> _Raw data_:
______________________________
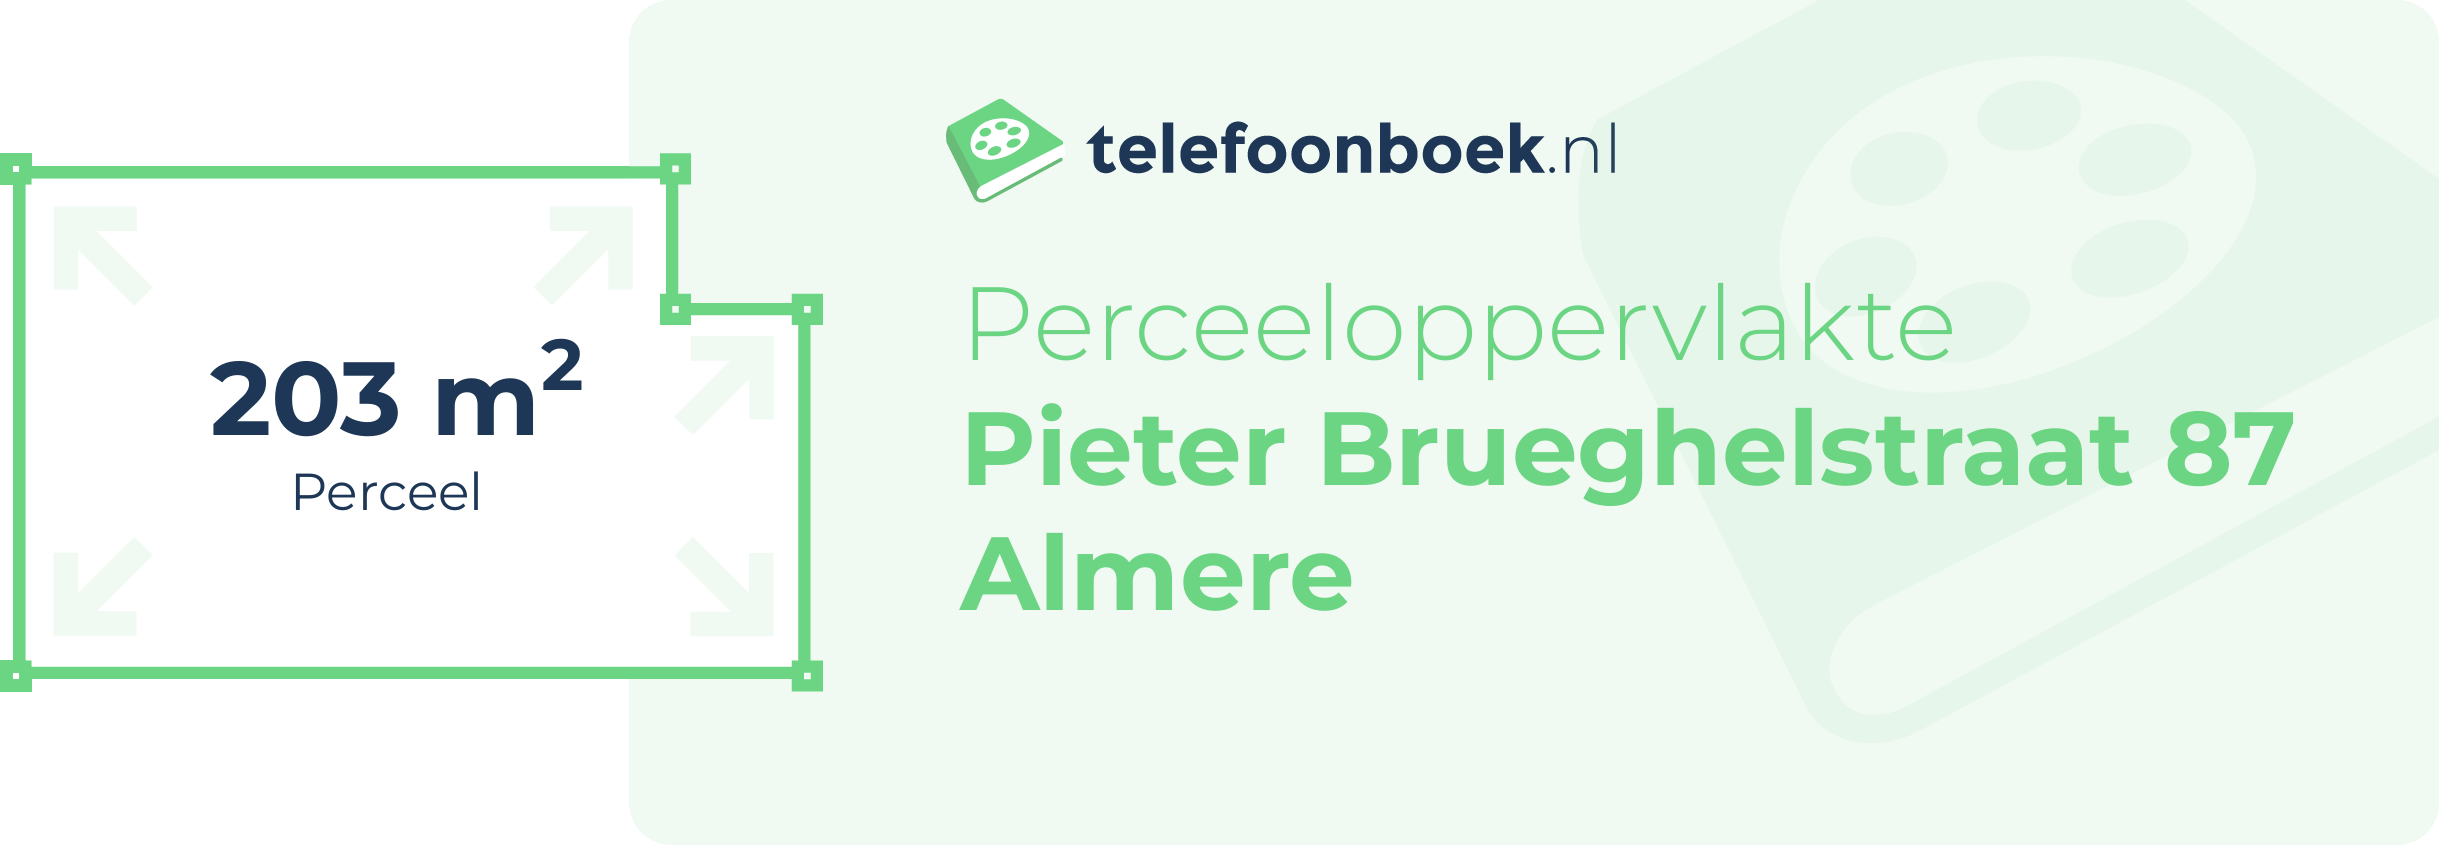 Perceeloppervlakte Pieter Brueghelstraat 87 Almere
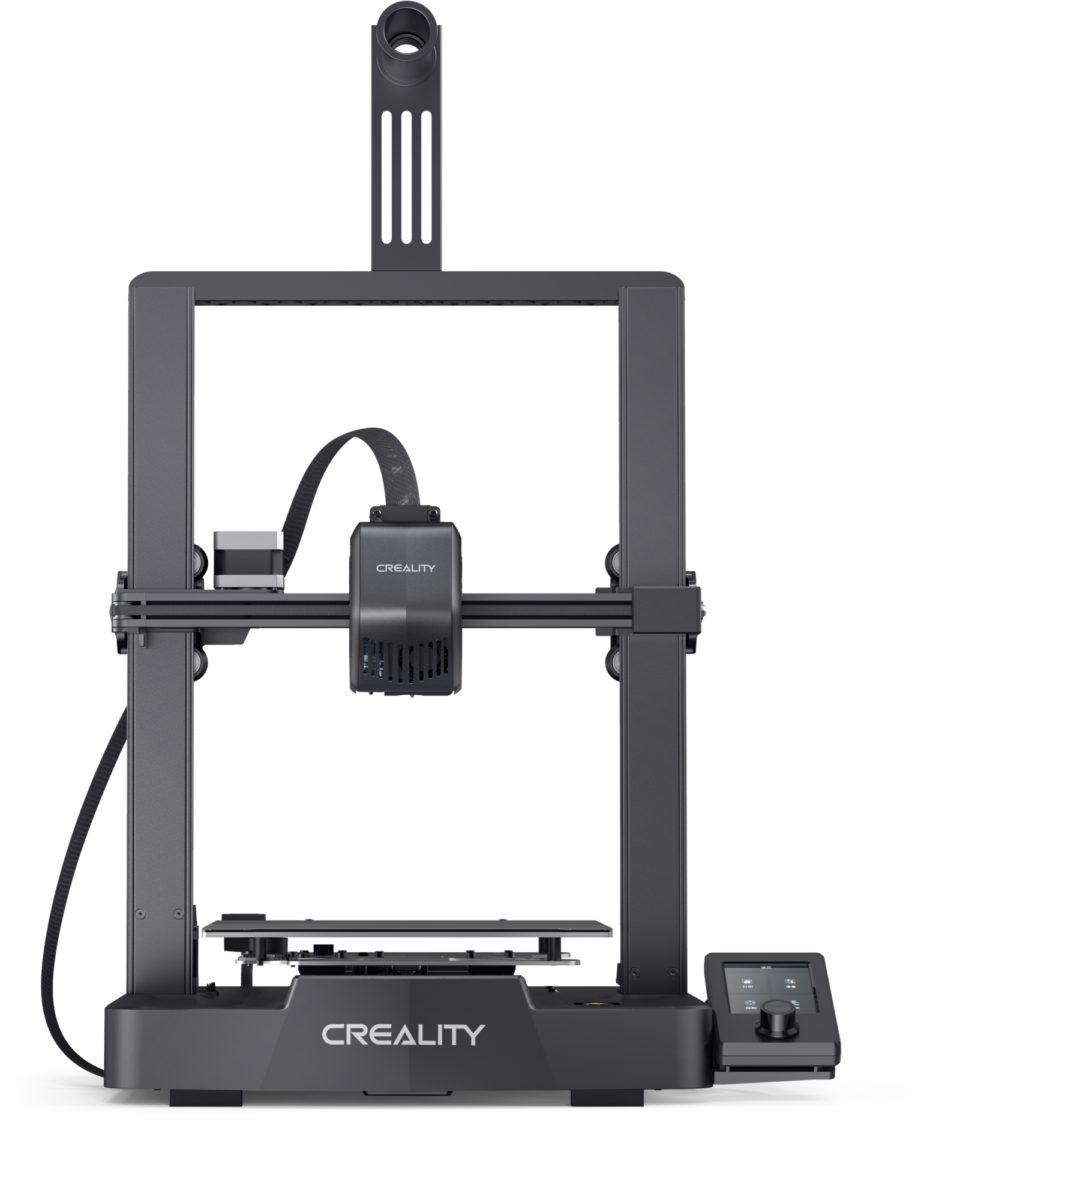 CREALITY Ender-3 V3 SE 3D Printer - Auto leveling, Auto Z offset, speed 250mm/s - CREALITY 2.35.71.00.020
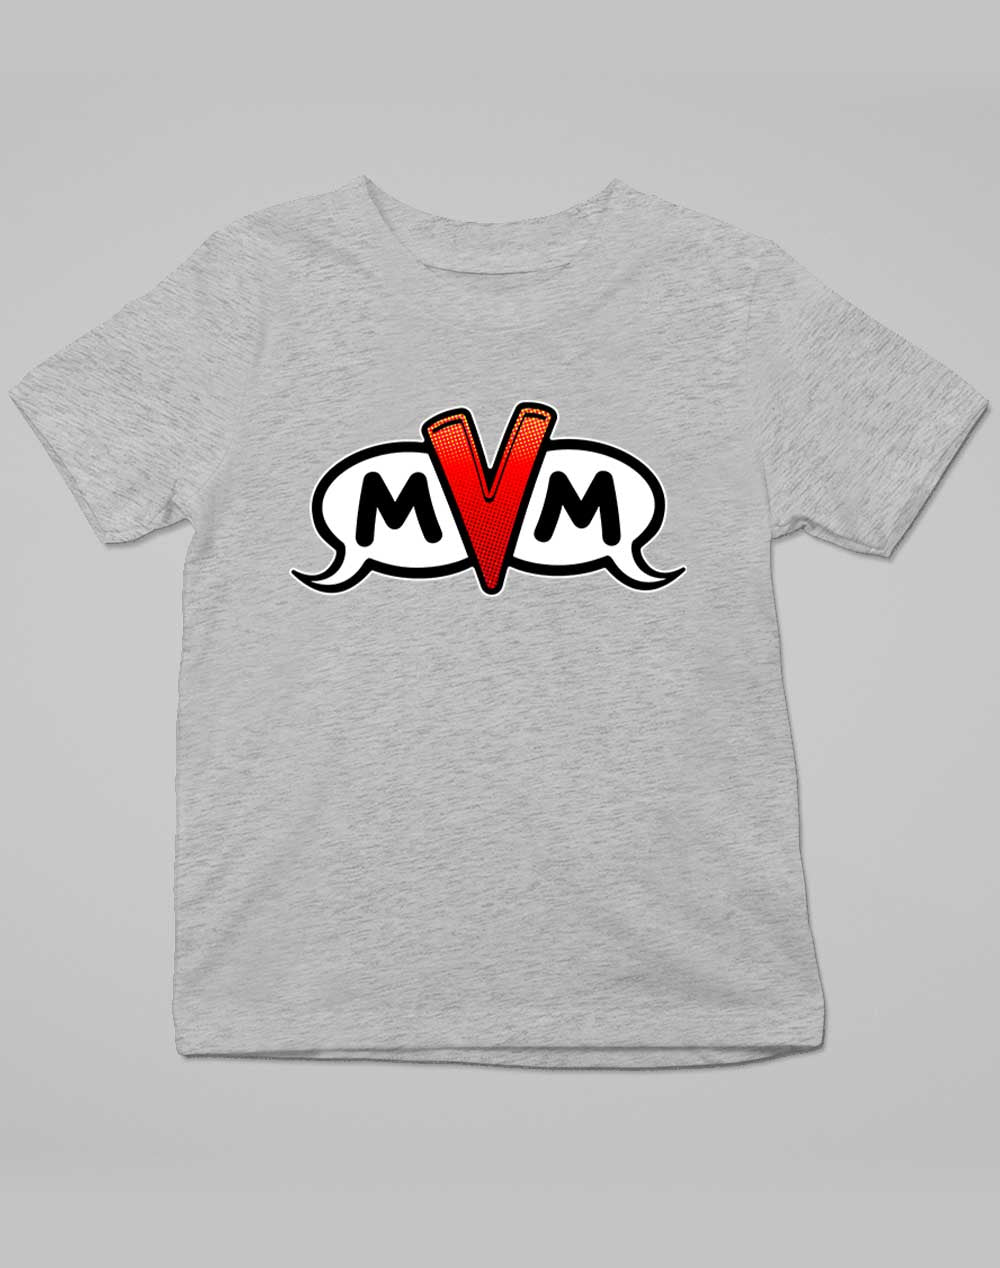 Grey Marl - MvM Logo Kids T-Shirt
______________________________
> _Task details_:
Images should not appear in the copy; retype the listing above exactly.

> _The answer_:
 Perceeloppervlakte Pieter Brueghelstraat 87 Almere
 CREALITY Ender-3 V3 SE 3D Printer - Auto leveling, Auto Z offset, speed 250mm/s - CREALITY 2.35.71.00.020
 Grey Marl - MvM Logo Kids T-Shirt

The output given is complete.